## Given information
*** Block opens ***
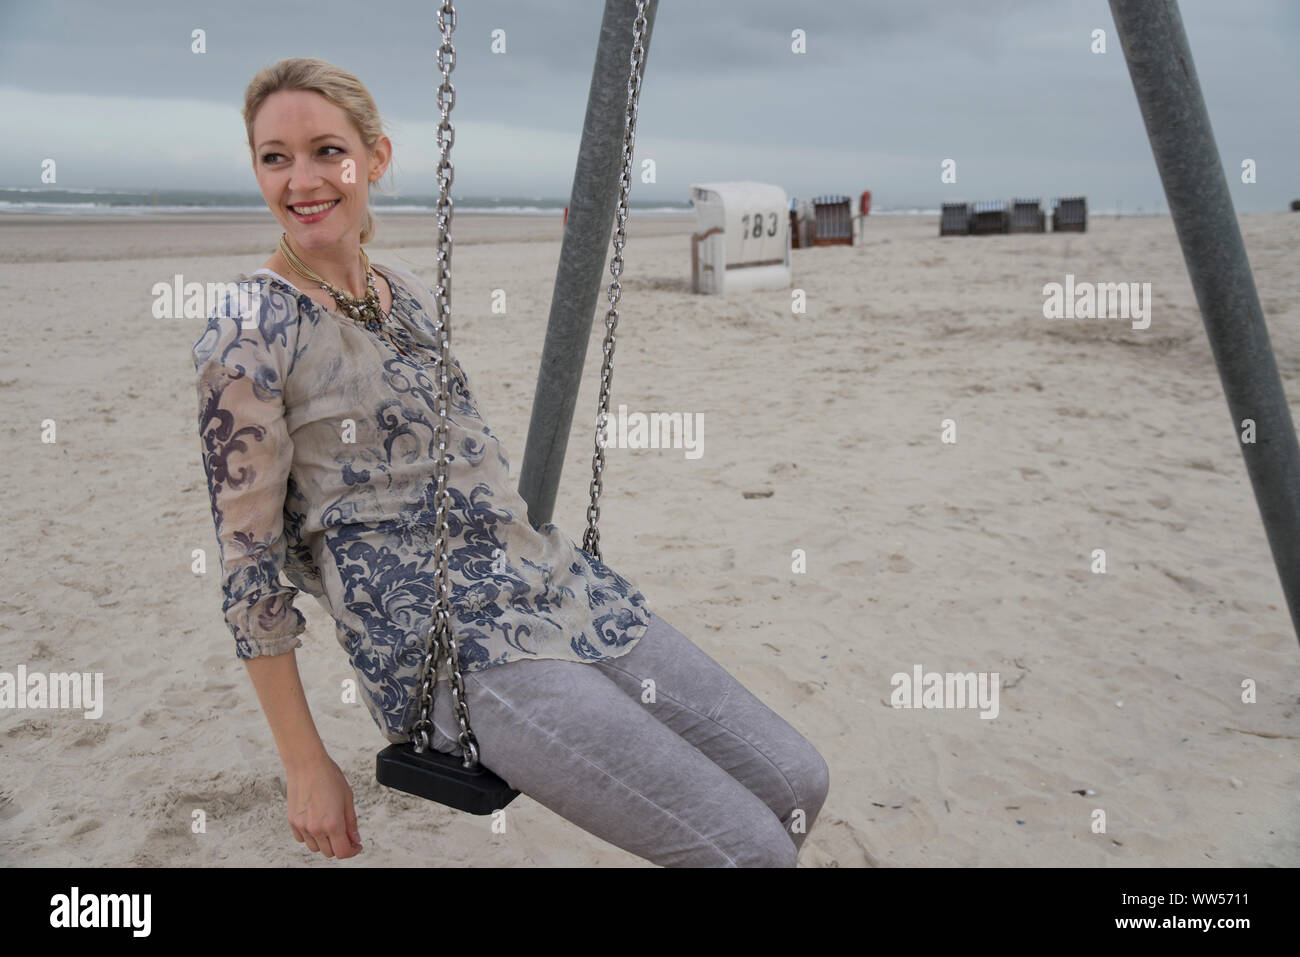 Ritratto di metà donna sulla spiaggia seduta su swing con sdraio in spiaggia e mare in background Foto Stock
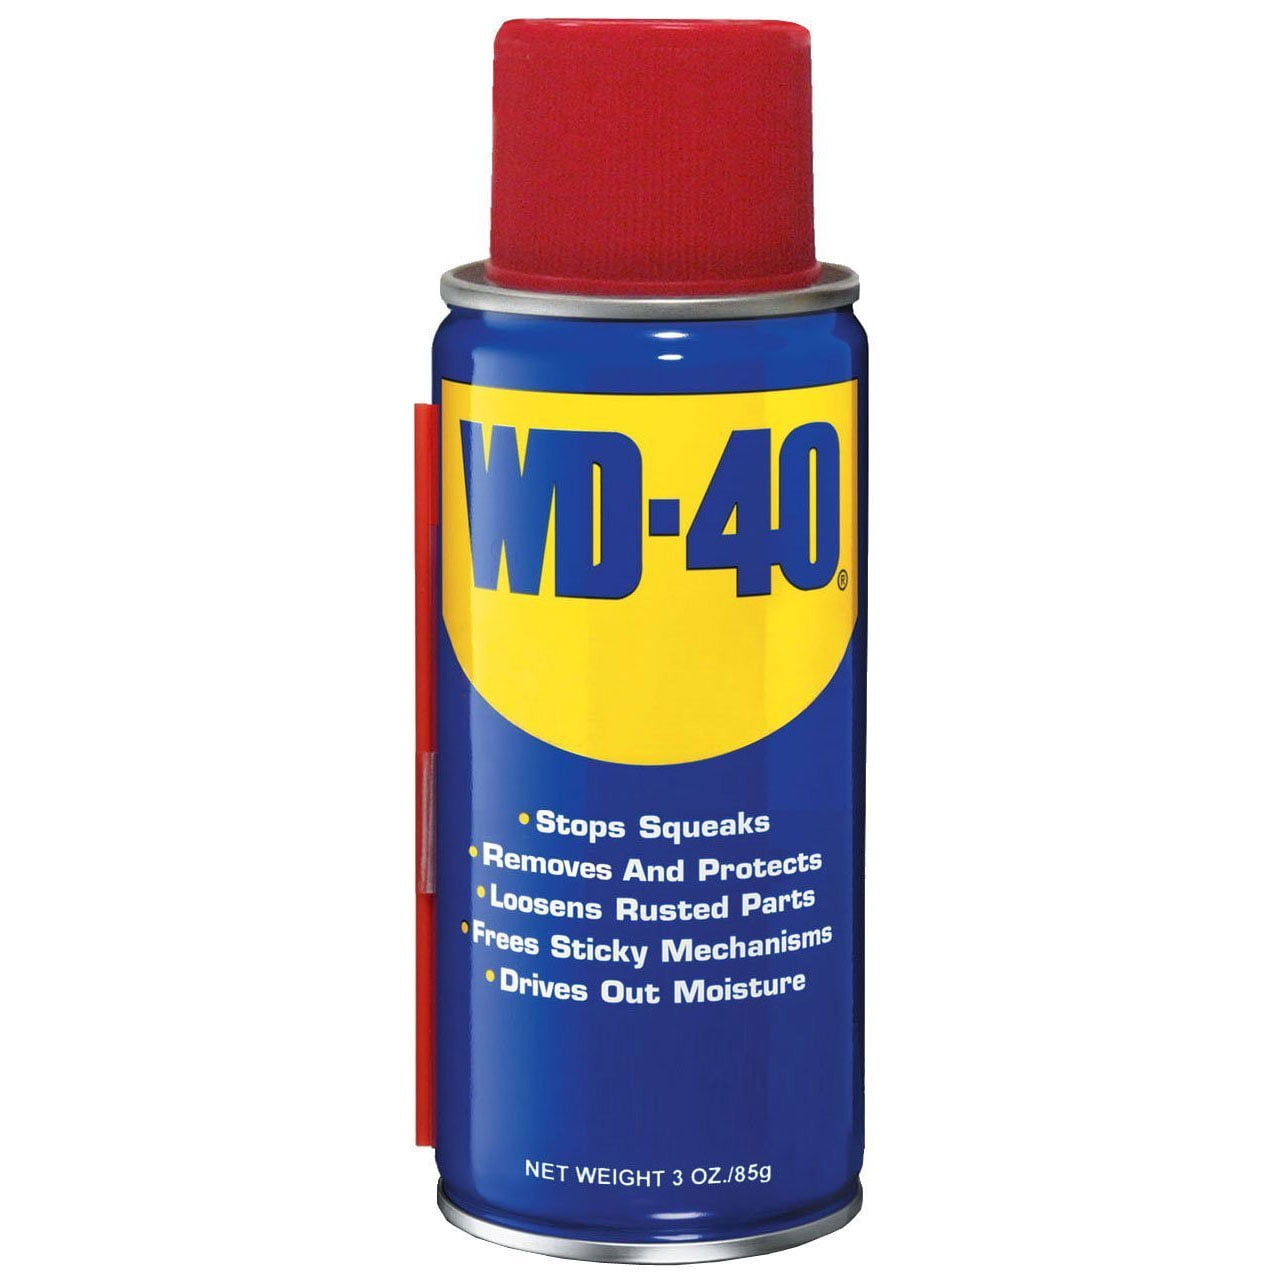 Фото вд. WD 40. Очиститель WD-40 100 мл. Универсальная смазка WD-40, 100 мл.. Wd0000 WD-40 универсальная смазка - аэрозоль (100 мл).
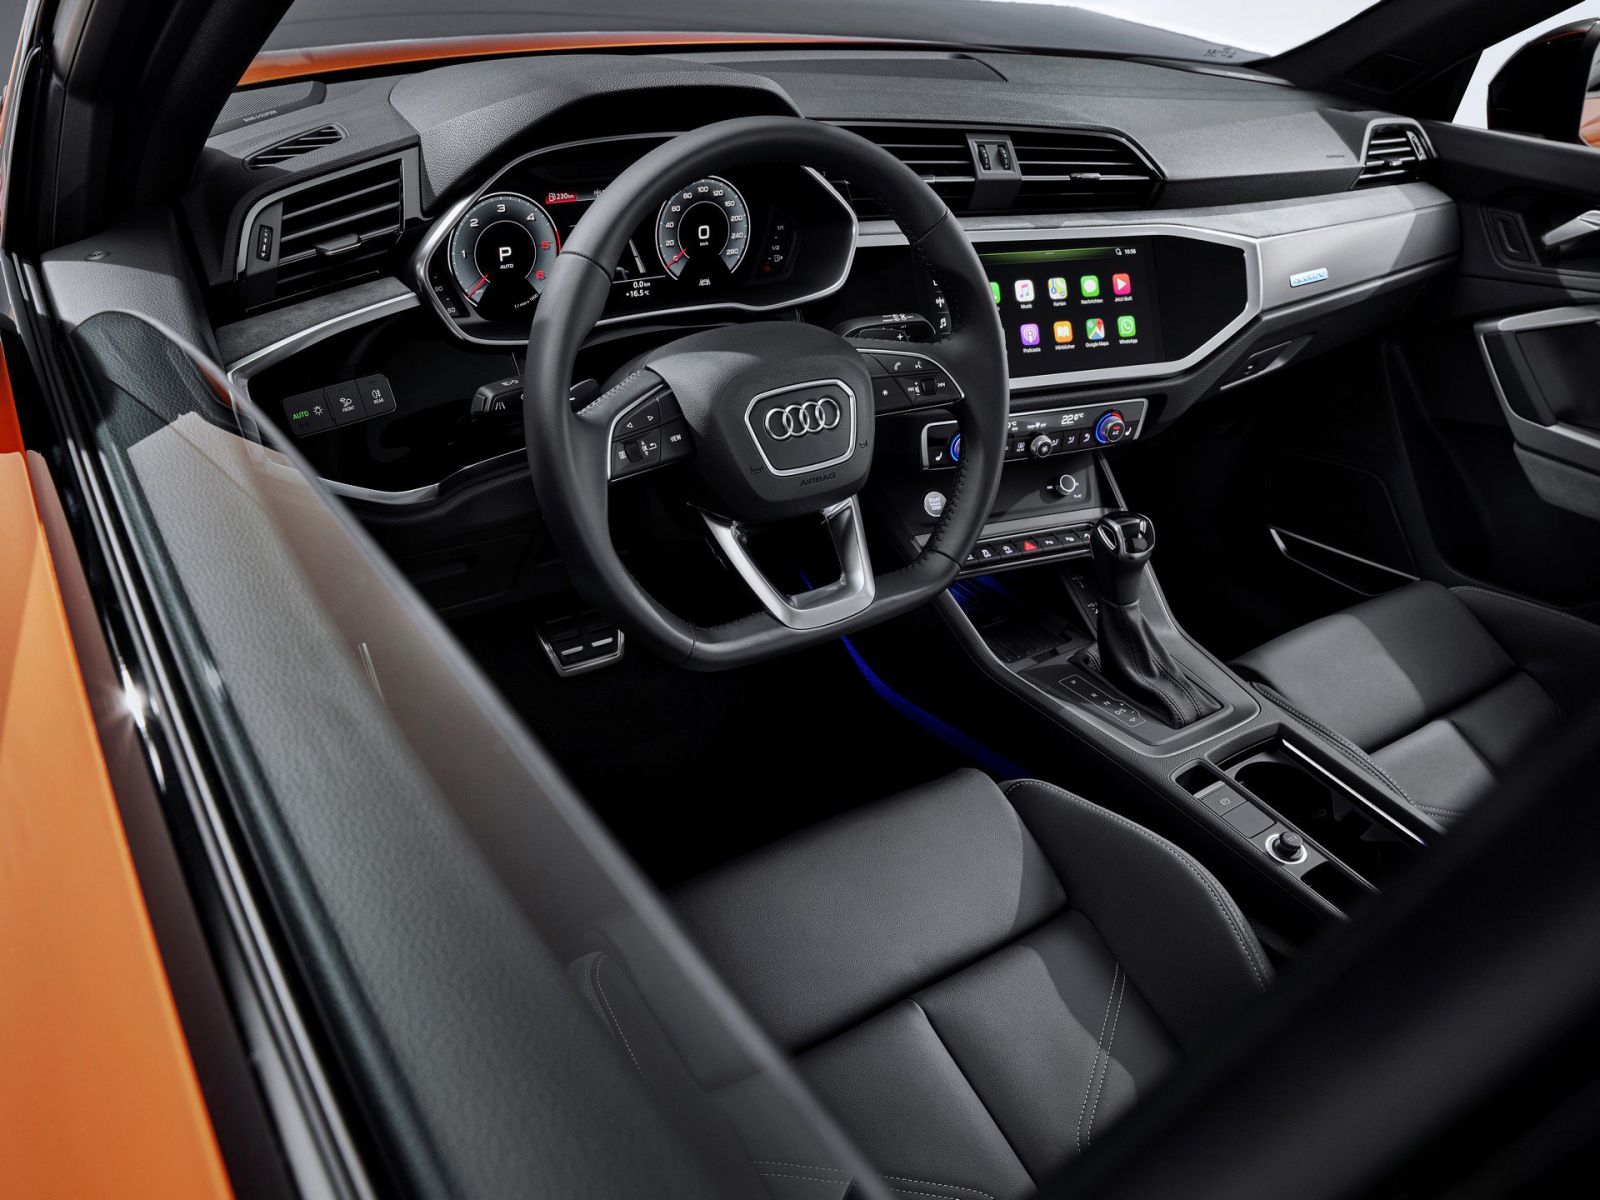 Audi Ra Mắt Mẫu Q3 Coupe Sportback Hoàn toàn mới Giá Rẻ dự kiến về việt nam vào năm 2020, mức giá khoảng 2 tỷ đồng sẽ cạnh tranh với glc, bmw x3, lexus nx, 
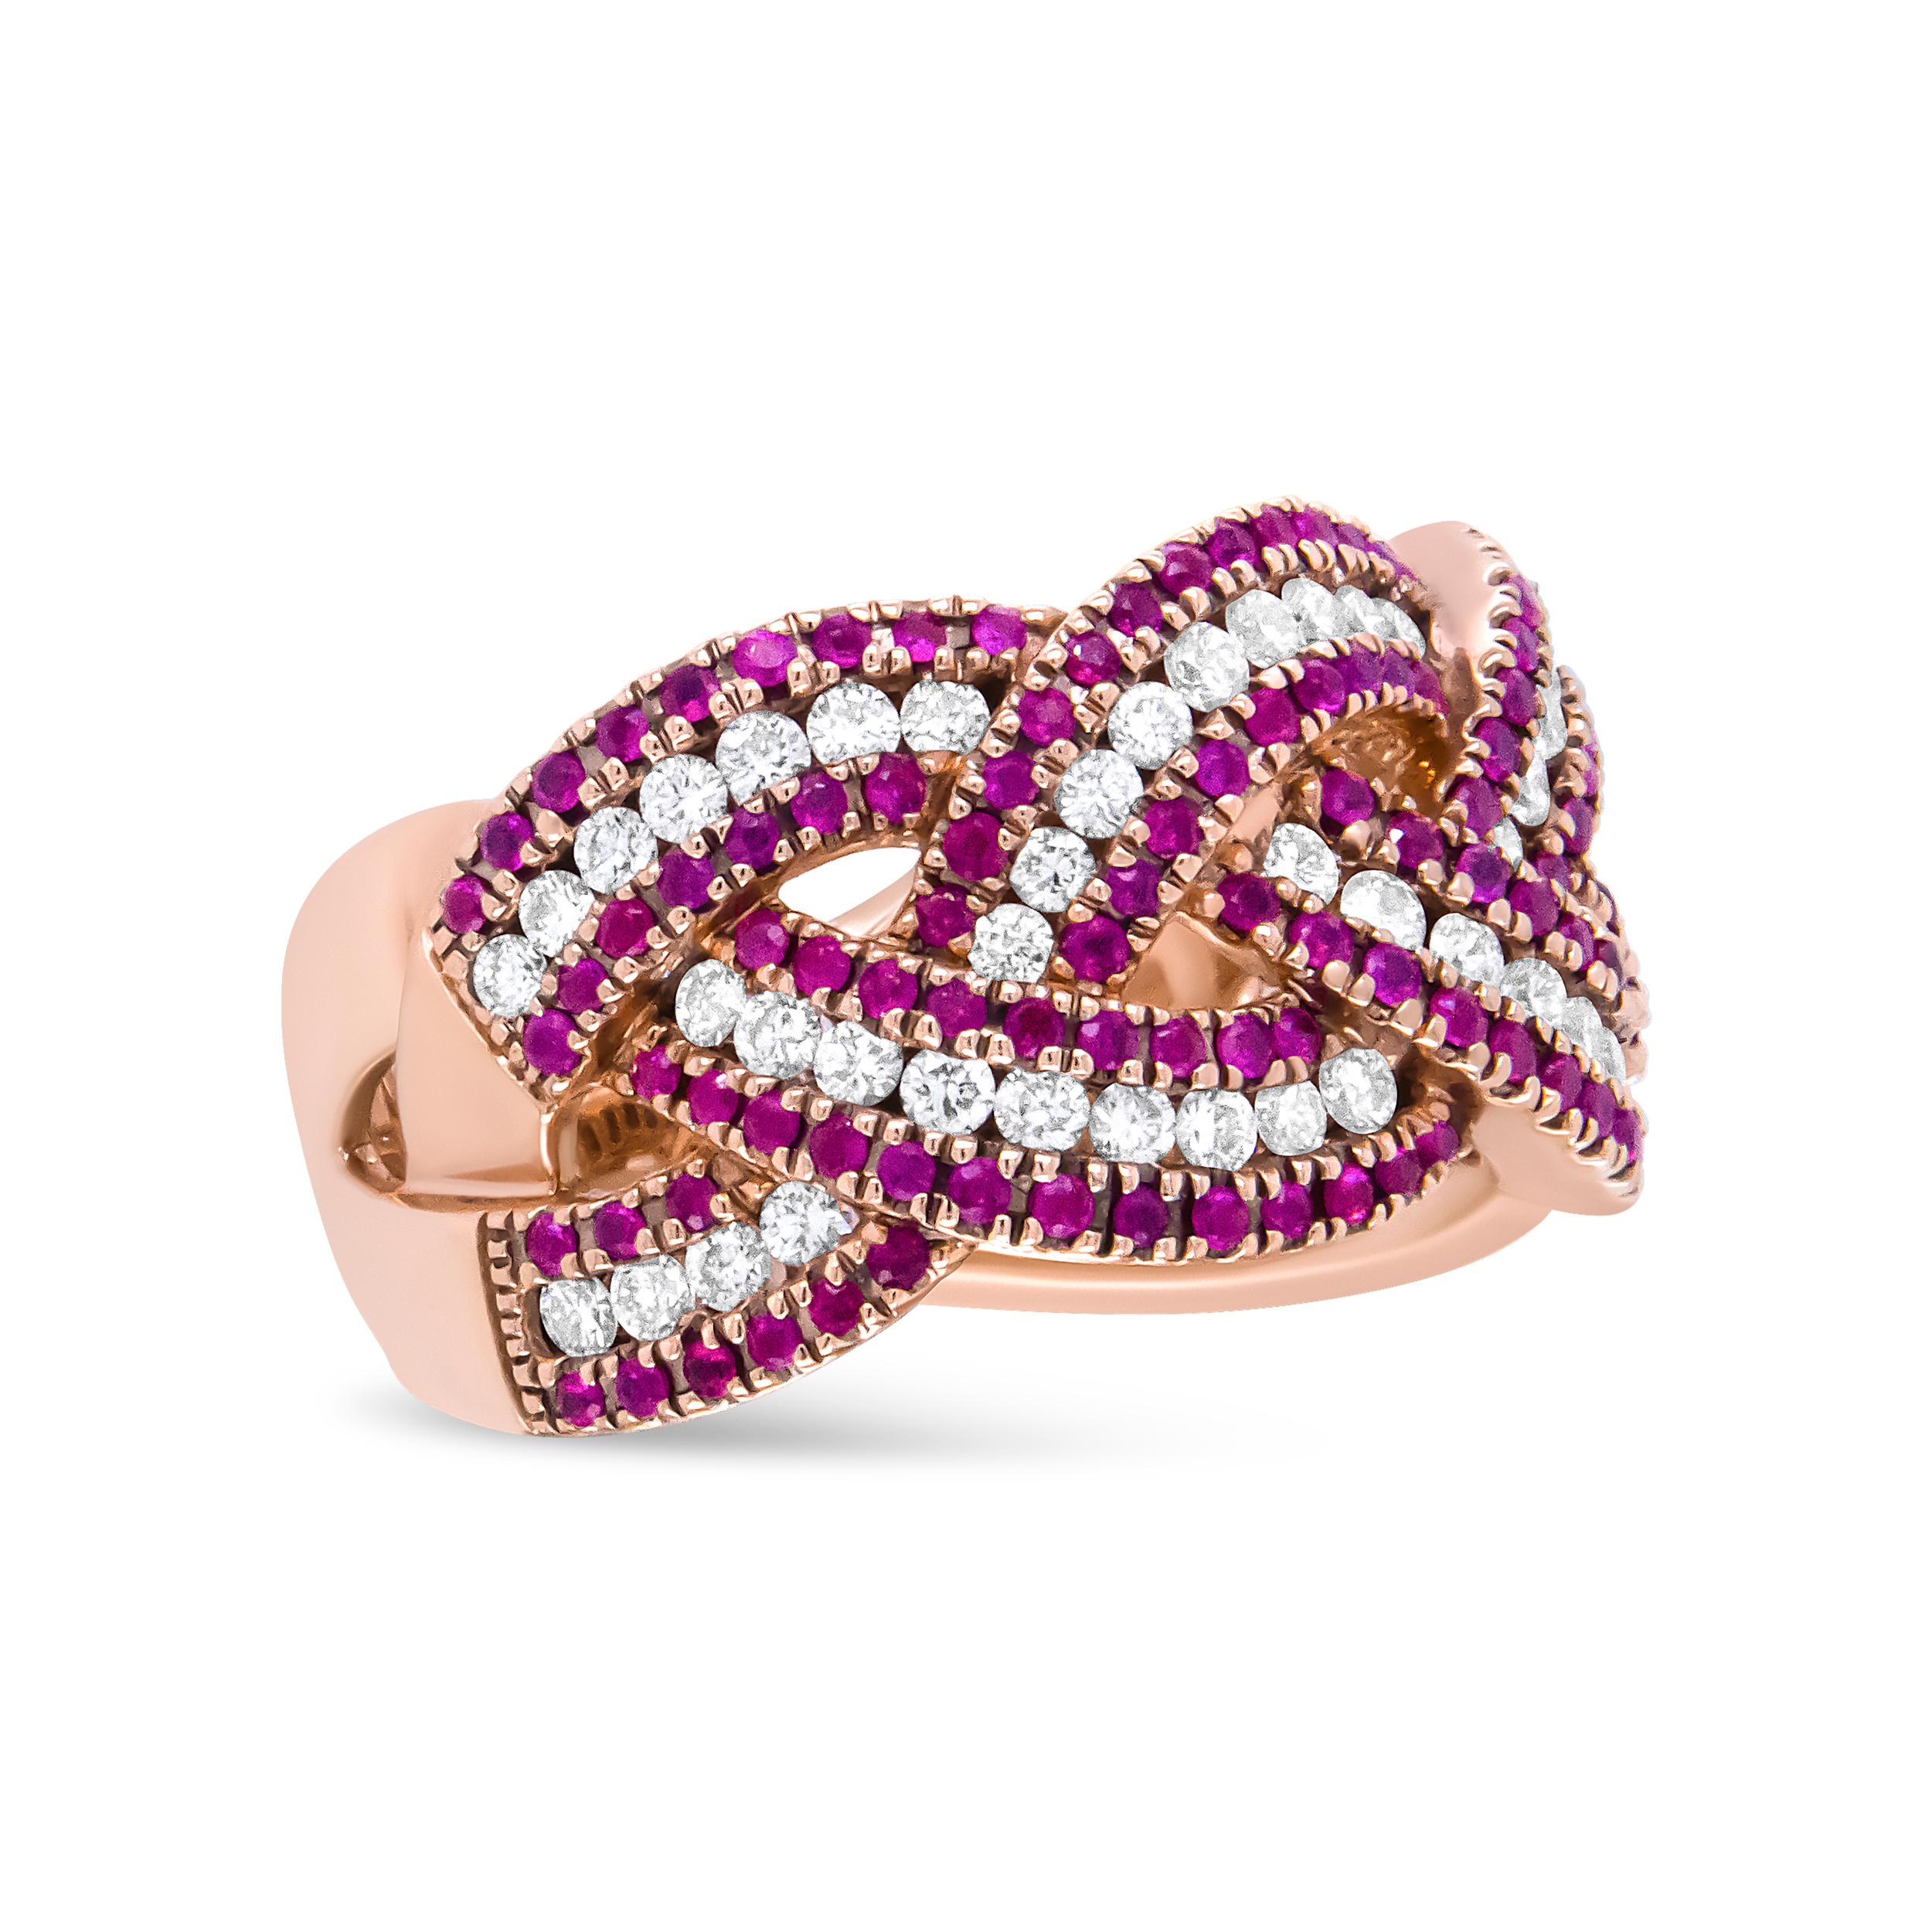 Rubine und Diamanten tanzen zart über dieses Band aus 18 Karat Roségold. Dieser Ring ist mit einem verschlungenen Bypass-Design gefertigt und mit einem Gesamtkaratgewicht von 7/8 c.t. besetzt. Reihen roter Rubine wechseln sich mit Reihen natürlicher
*** Block closes ***
## Activity
Everything from the top line of the data down to and including the line with "Фото вд. WD" is to be copied, except the pictures.

## Response to the exercise
 Ritratto di metà donna sulla spiaggia seduta su swing con sdraio in spiaggia e mare in background Foto Stock
 Фото вд. WD 40. Очиститель WD-40 100 мл. Универсальная смазка WD-40, 100 мл.. Wd0000 WD-40 универсальная смазка - аэрозоль (100 мл).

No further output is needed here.